**DESCRIPTION OF THE TASK**
Keep the lines exact and the pictures out as you repeat the following listing.

**THE DATA**
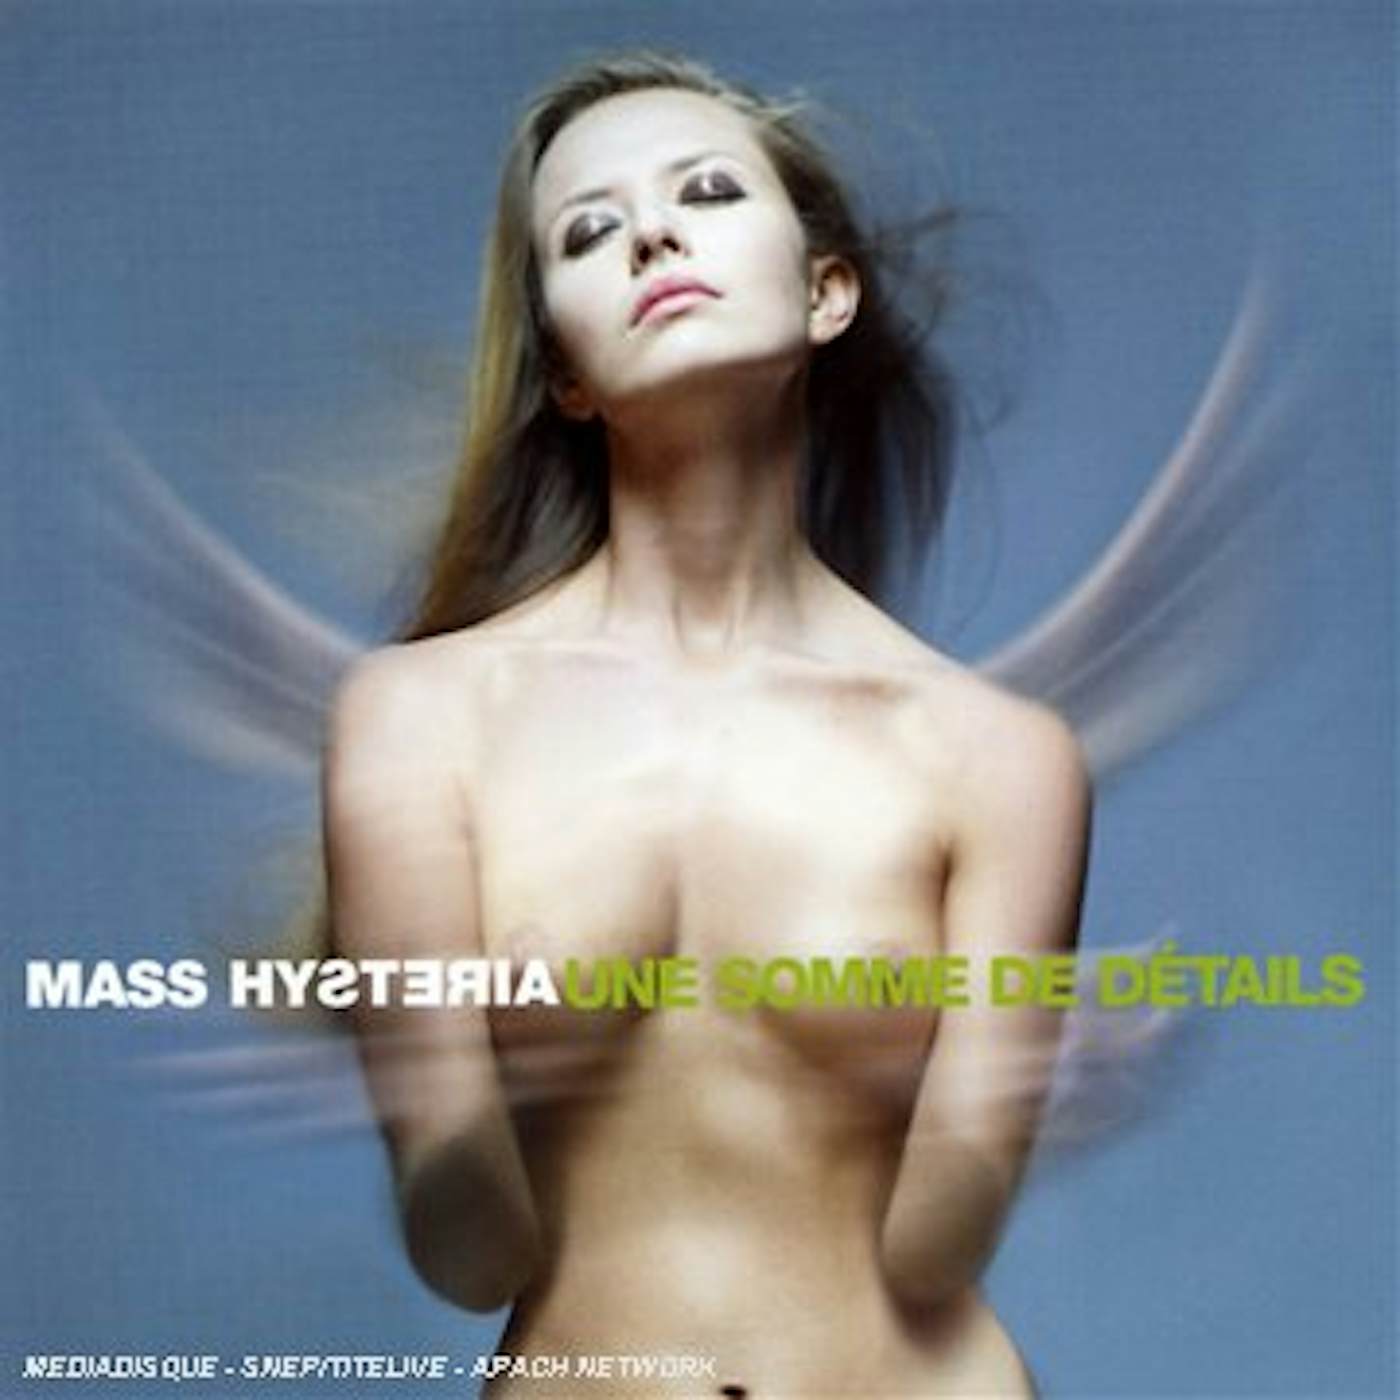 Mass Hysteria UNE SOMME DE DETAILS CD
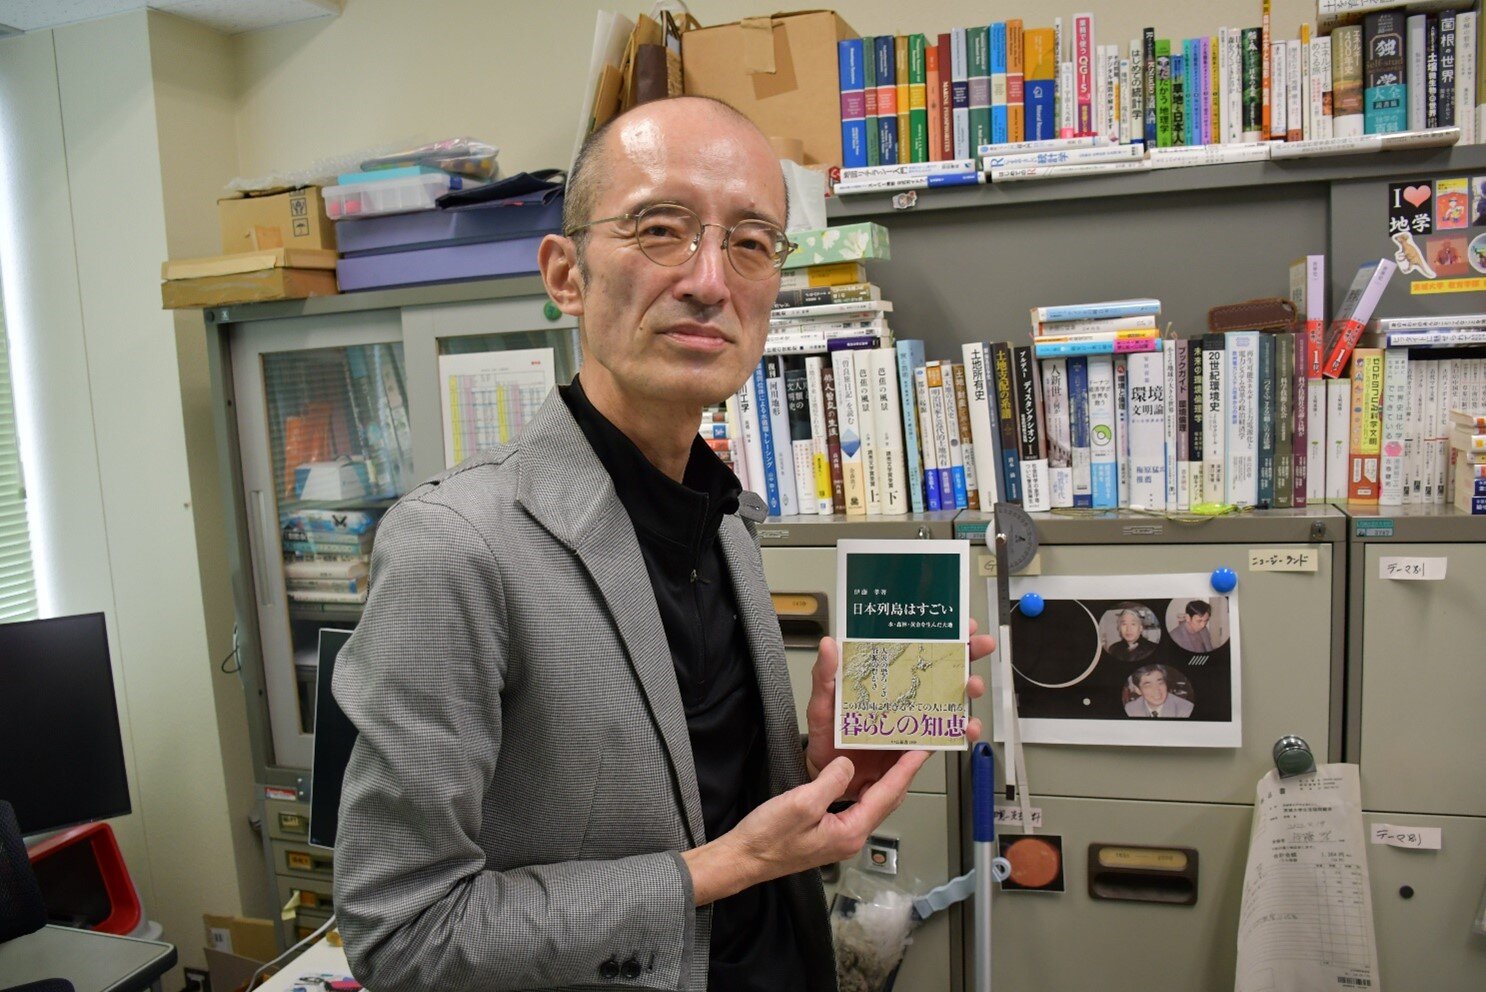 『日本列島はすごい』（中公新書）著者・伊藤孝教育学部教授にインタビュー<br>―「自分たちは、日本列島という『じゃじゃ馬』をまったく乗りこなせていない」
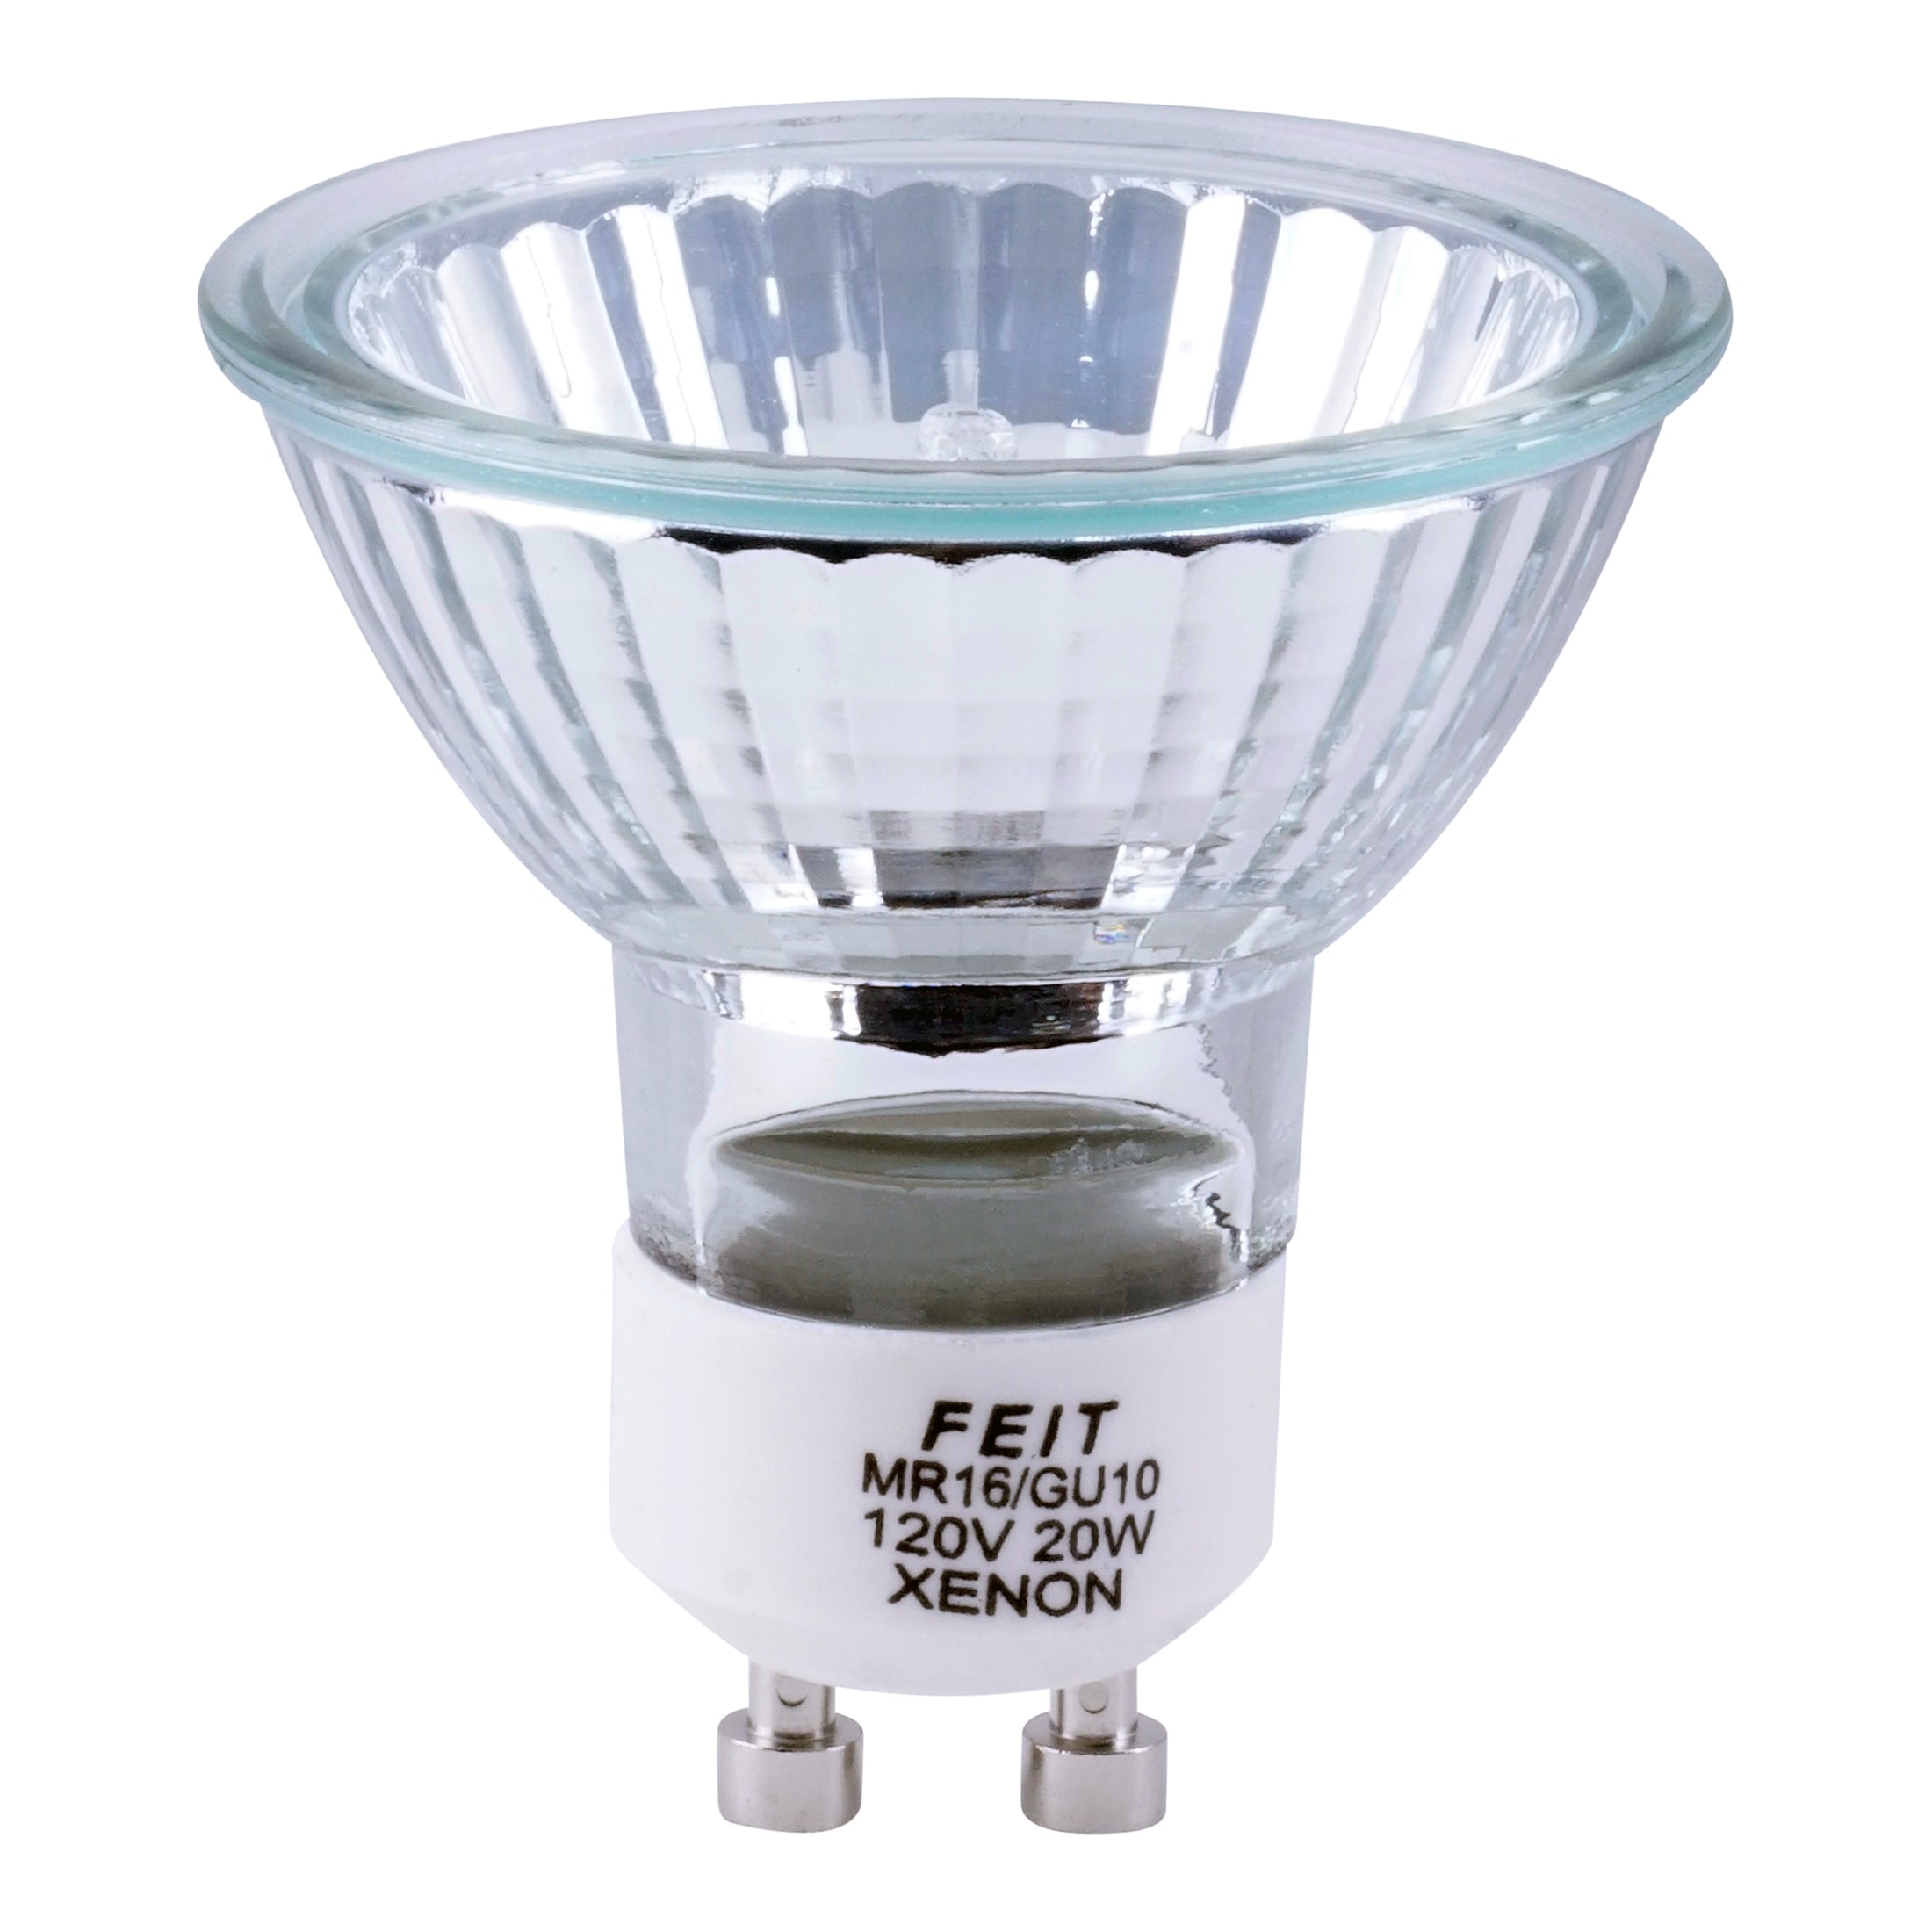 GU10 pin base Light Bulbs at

**EXERCISE RESPONSE**
 Mass Hysteria UNE SOMME DE DETAILS CD
 『日本列島はすごい』（中公新書）著者・伊藤孝教育学部教授にインタビュー<br>―「自分たちは、日本列島という『じゃじゃ馬』をまったく乗りこなせていない」
 GU10 pin base Light Bulbs at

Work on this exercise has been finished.